In thinking about the egregious history of Black people in America, I wonder how did our world become so vile, so evil, so selfish? Then, I am reminded that America itself was built off of this notion…greed. As I process this moment in time, I think about my nephews, my sweet baby nephews who are just two months old. What kind of world have they been born into? How are they going to grow up in this world and what will they believe about themselves, others, and America?
Then I think of myself, I am filled with a variety of emotions but three that are at the forefront of my mind are: Tired, Infuriated, and Frustrated. As I sit and ponder the value of my existence as a young Black woman in America, I am at a standstill. I began to wonder why Black women are so devalued. Even in the face of this movement, Breonna Taylors' name has been overlooked. A young black 19-year-old woman was murdered and yet we fail to hear her name repeatedly because the voices of Black women tend to get muffled and silenced in the face of injustices.
Through the pain and adversity, I am reminded of how loving and merciful our God is. God knows exactly what is going on in this world. He knows the pain we are experiencing and wants us to know that we are not alone. His loving hand is here to guide us through this time and help us process this. Even with all the pain our world, and particularly America is feeling, I find peace in knowing that God is in control.

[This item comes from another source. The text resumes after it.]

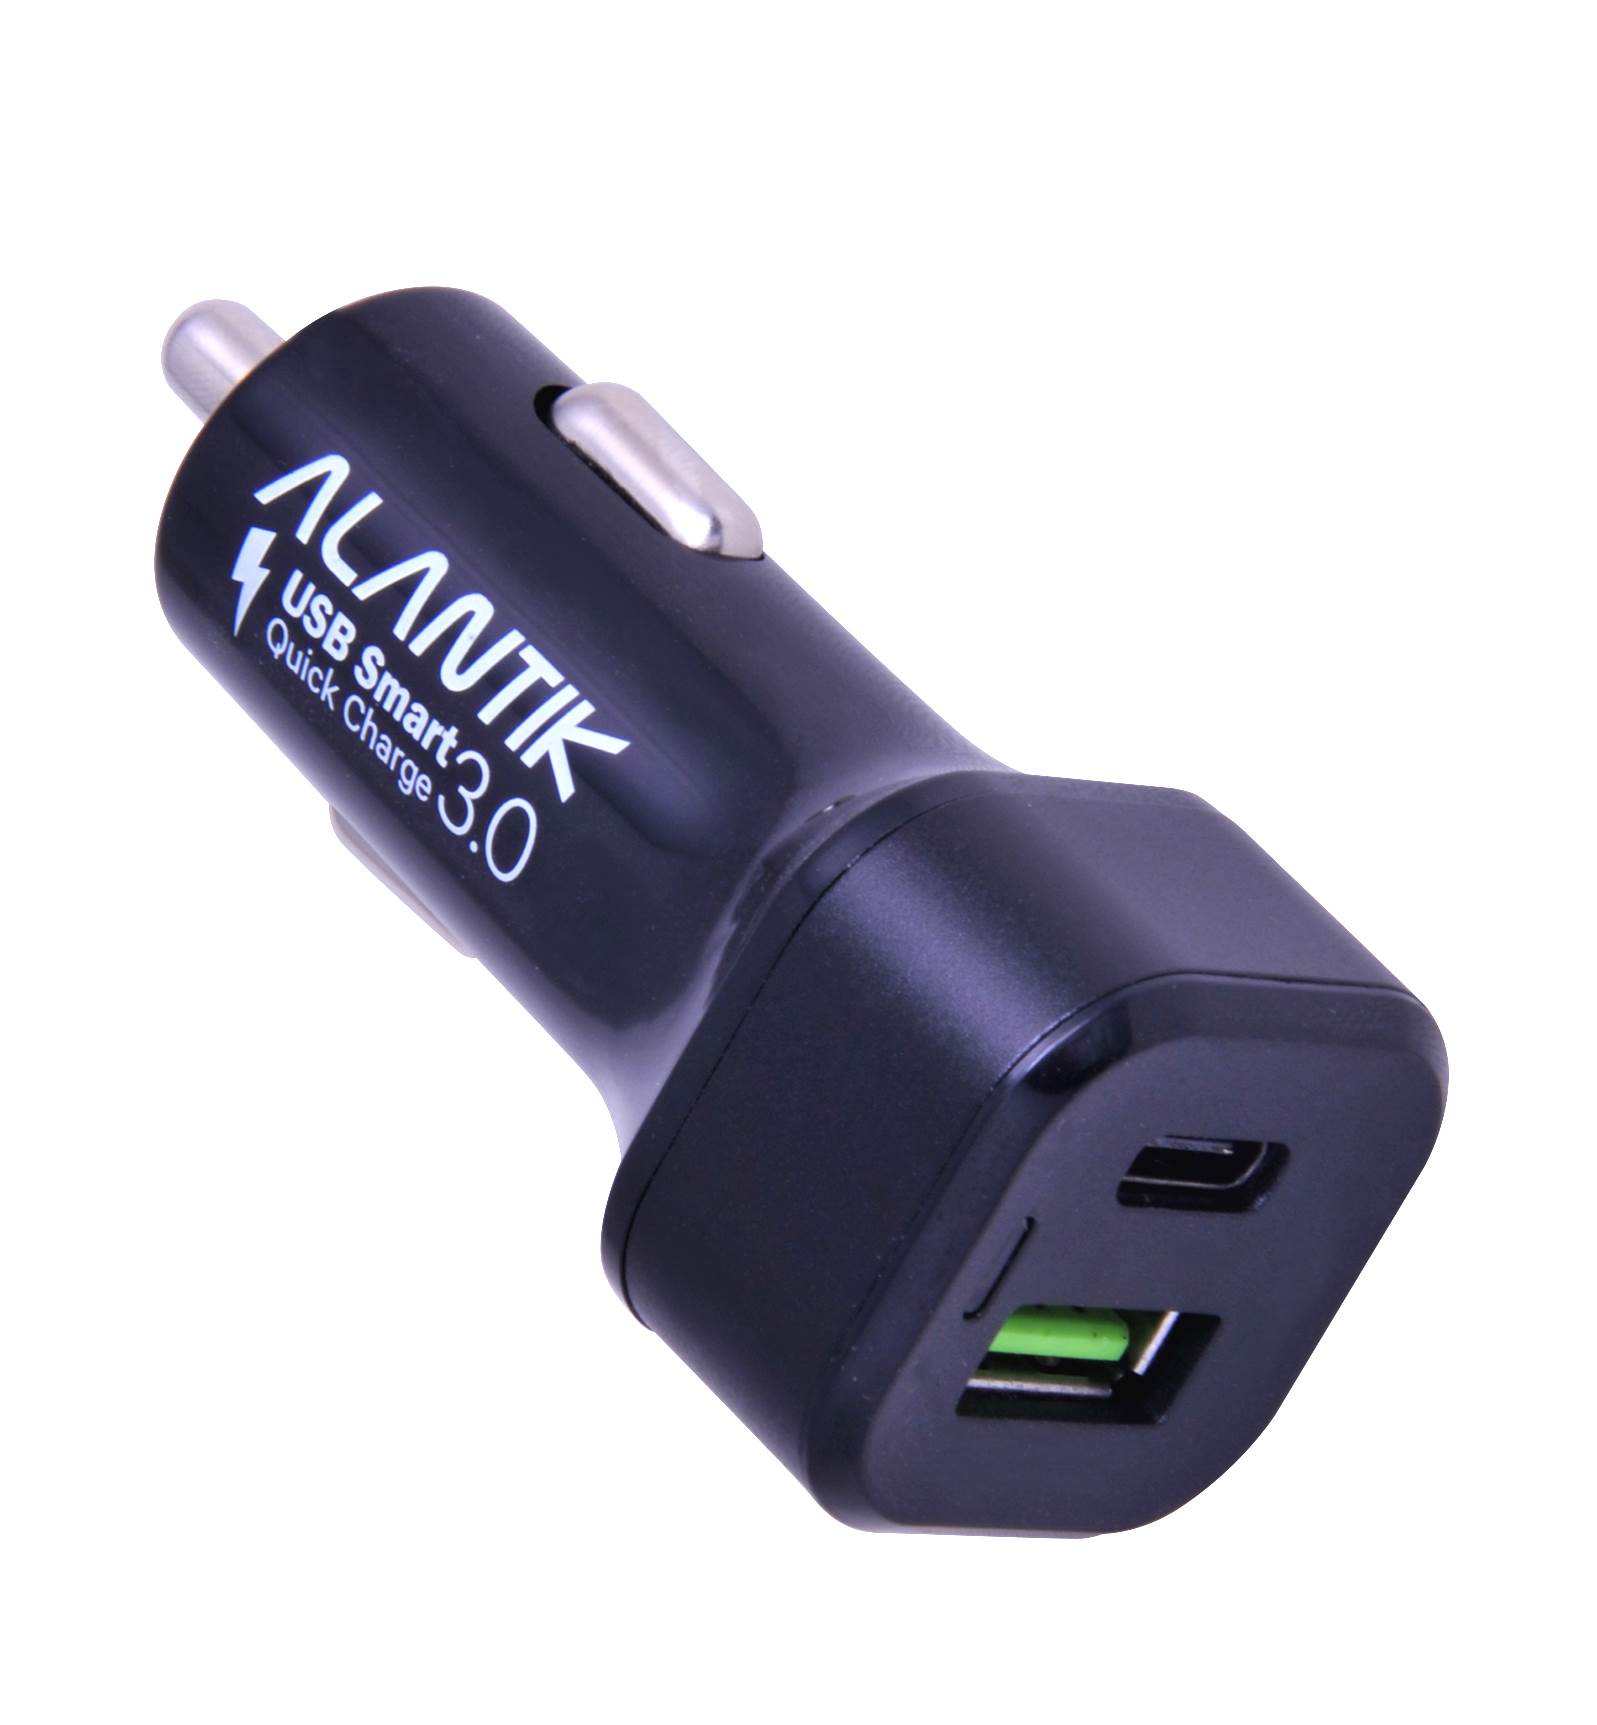 ALANTIK CAR CHARGER 1 USB fast + 1 USB TYPE-C

I have begun to notice a shift in the atmosphere, people are becoming educated on this matter and are addressing racist people head-on. Black people are proving knowledge and sharing their experiences with Whites, particularly those who cannot relate to our experiences. Within educating and informing others, we must approach teaching others with a Christ-like mindset of grace and love. We must be gentle and humble in our approach to making our world a more equitable place. This task of dismantling racism is a long process, it surely won’t happen overnight but as we educate the masses, prayerfully we can see tangible changes.